What the exercise asks
The full listing is to be returned exactly as given, but without pictures.

Information provided Block Start

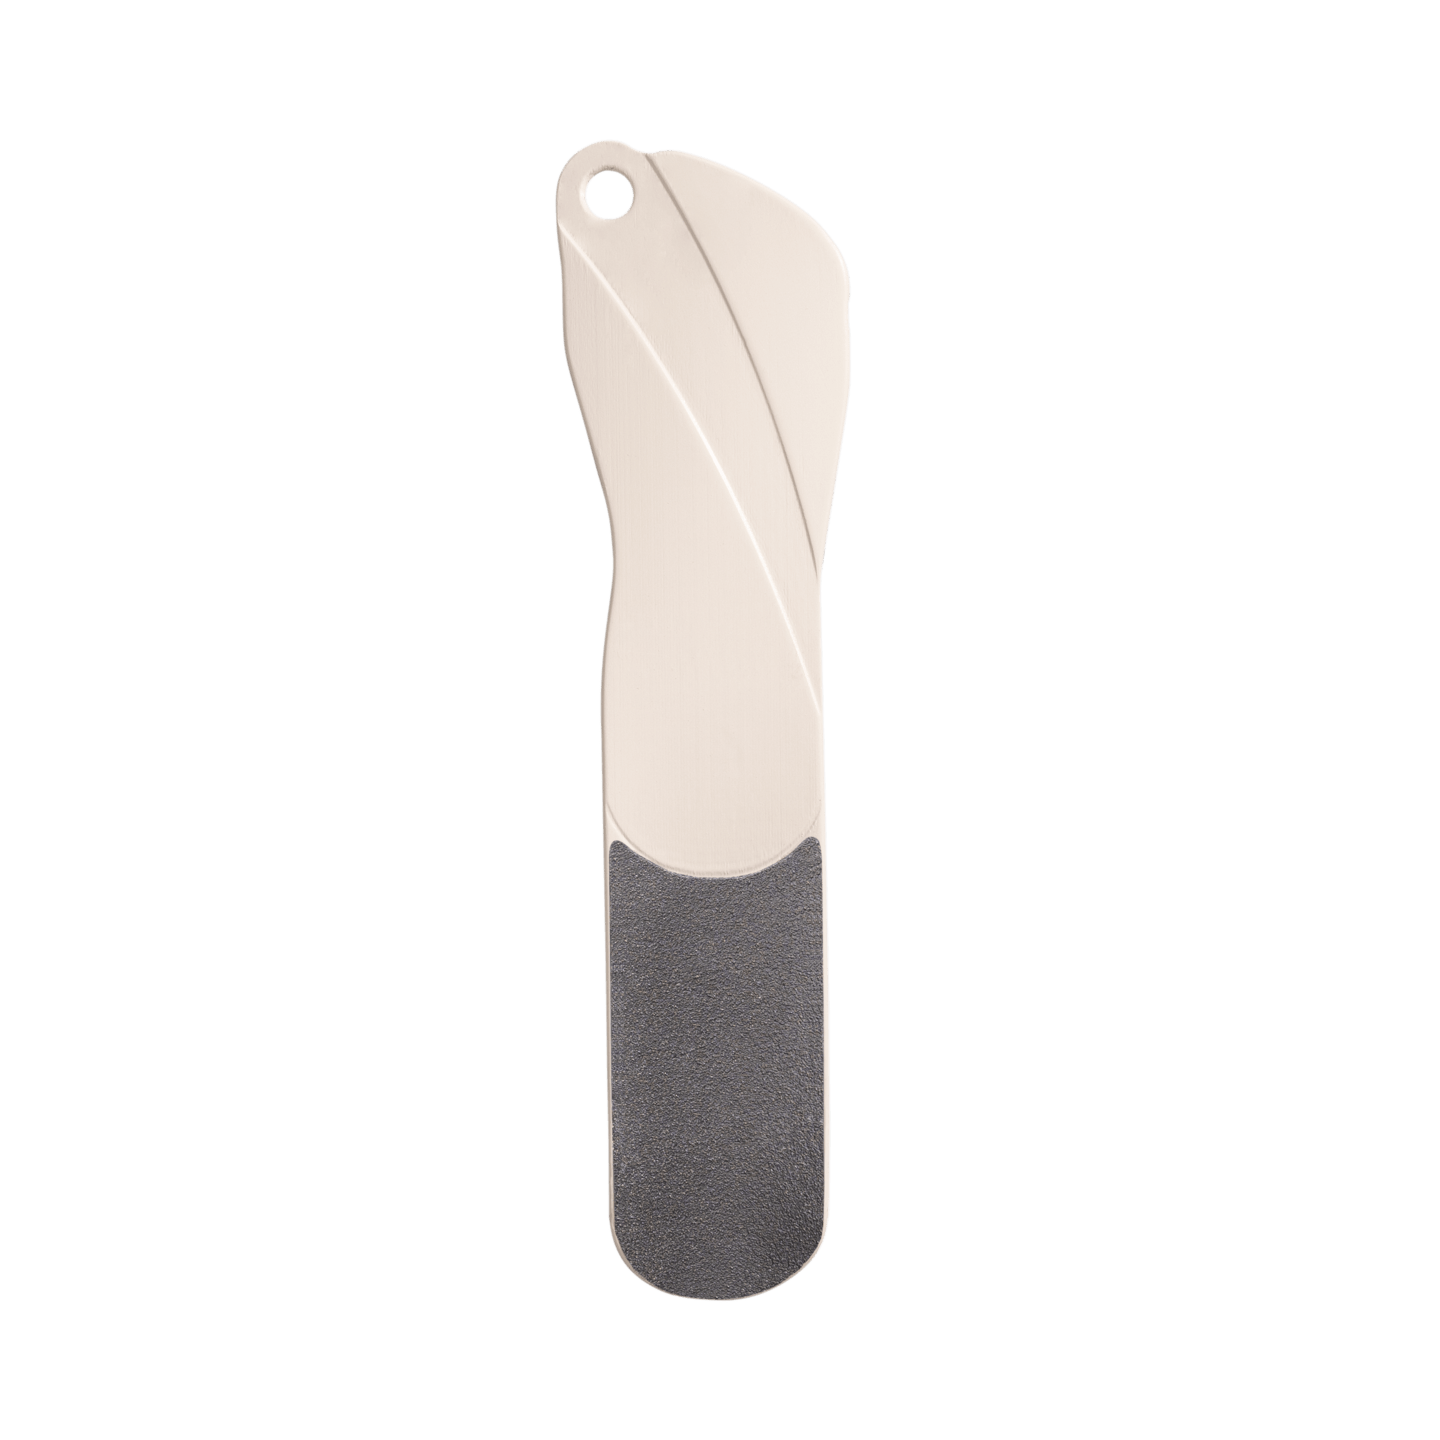 RUCK - Fußfeile, unbedruckt, Kunststoff, 20 cm in pastell sand
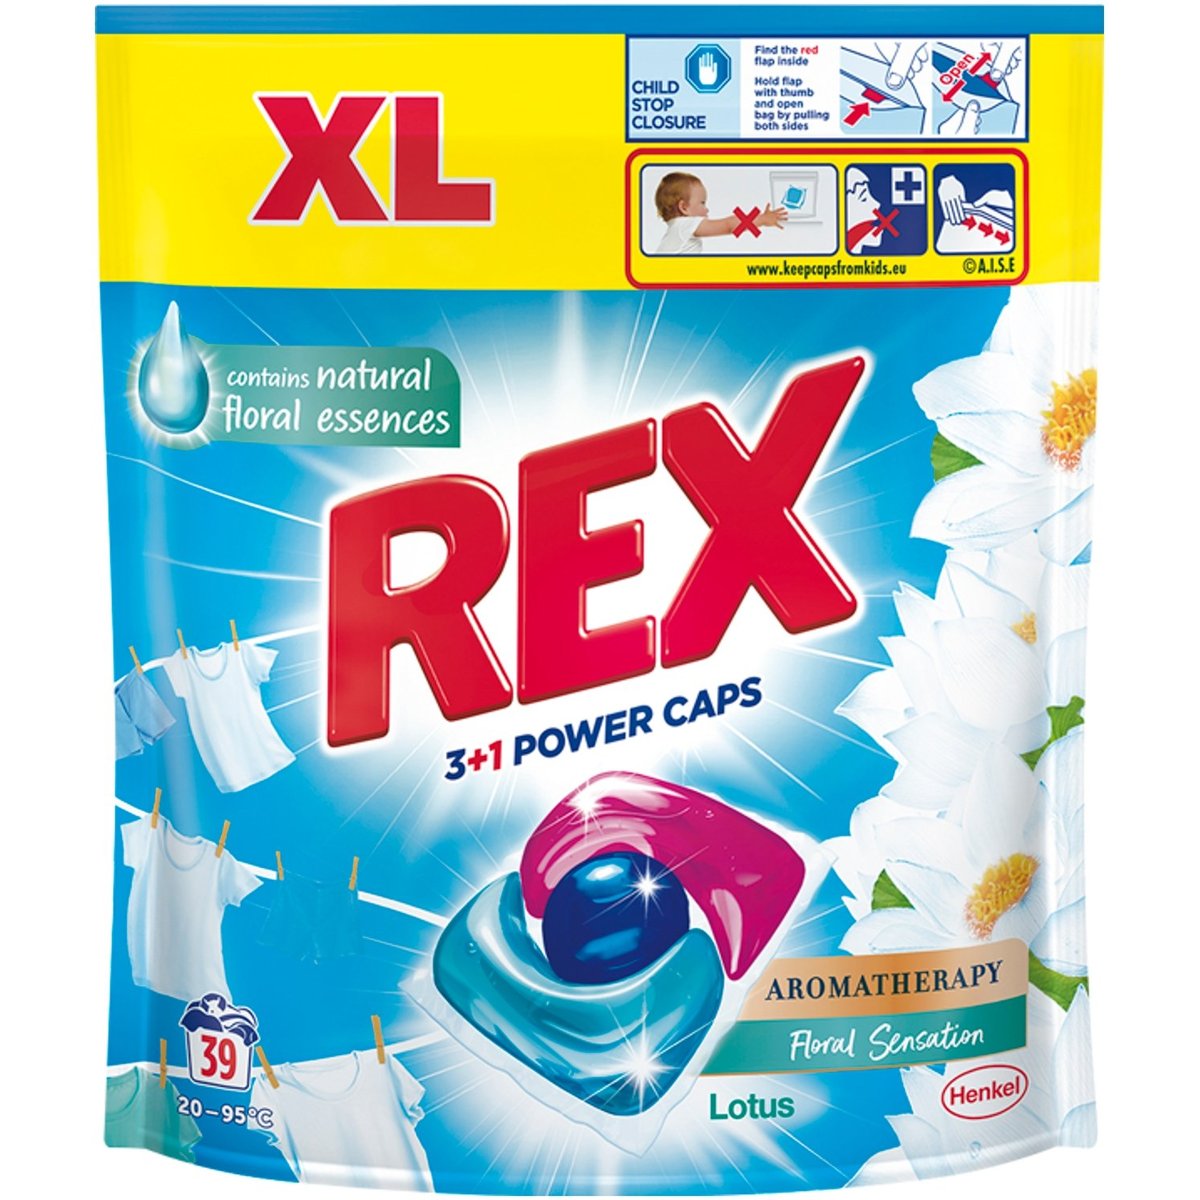 Rex Power Caps Aromatherapy Lotus & Almond Oil prací kapsle
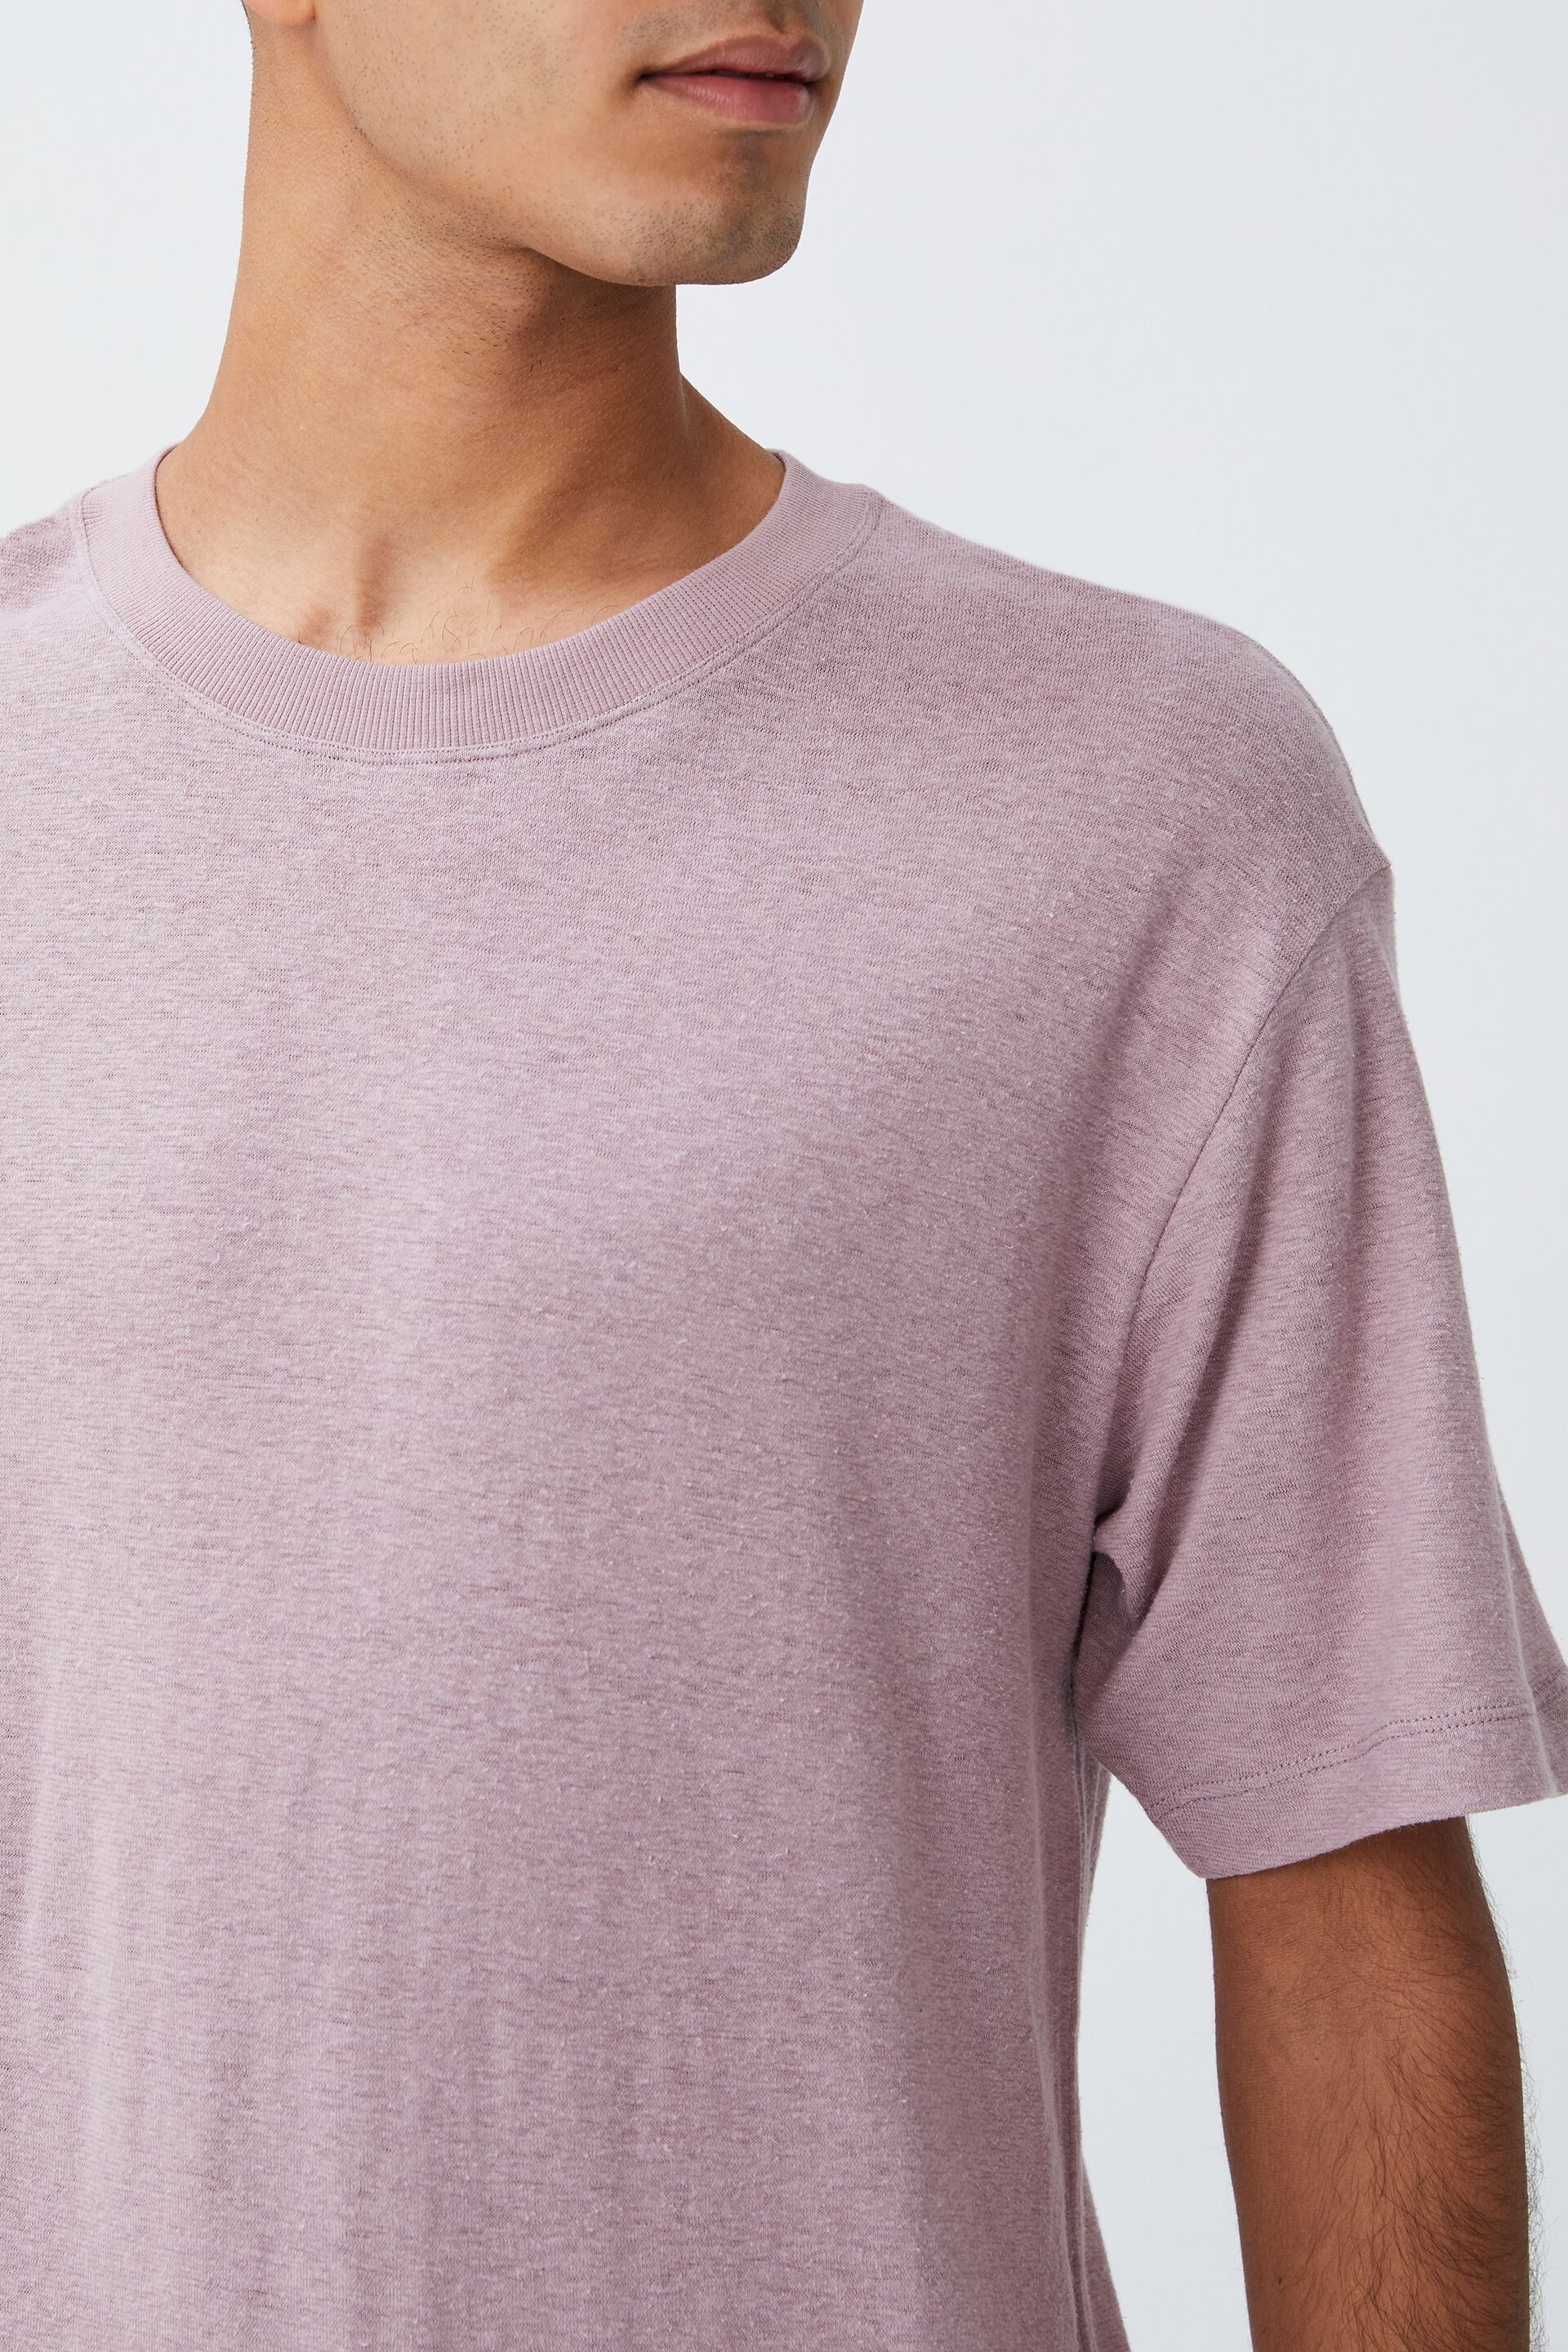 Women's Long Sleeve Hemp and Organic Cotton Plus Size T-Shirt XL 2XL

Information provided Block End

Result of this task
 RUCK - Fußfeile, unbedruckt, Kunststoff, 20 cm in pastell sand
 Rex Power Caps Aromatherapy Lotus & Almond Oil prací kapsle
 Women's Long Sleeve Hemp and Organic Cotton Plus Size T-Shirt XL 2XL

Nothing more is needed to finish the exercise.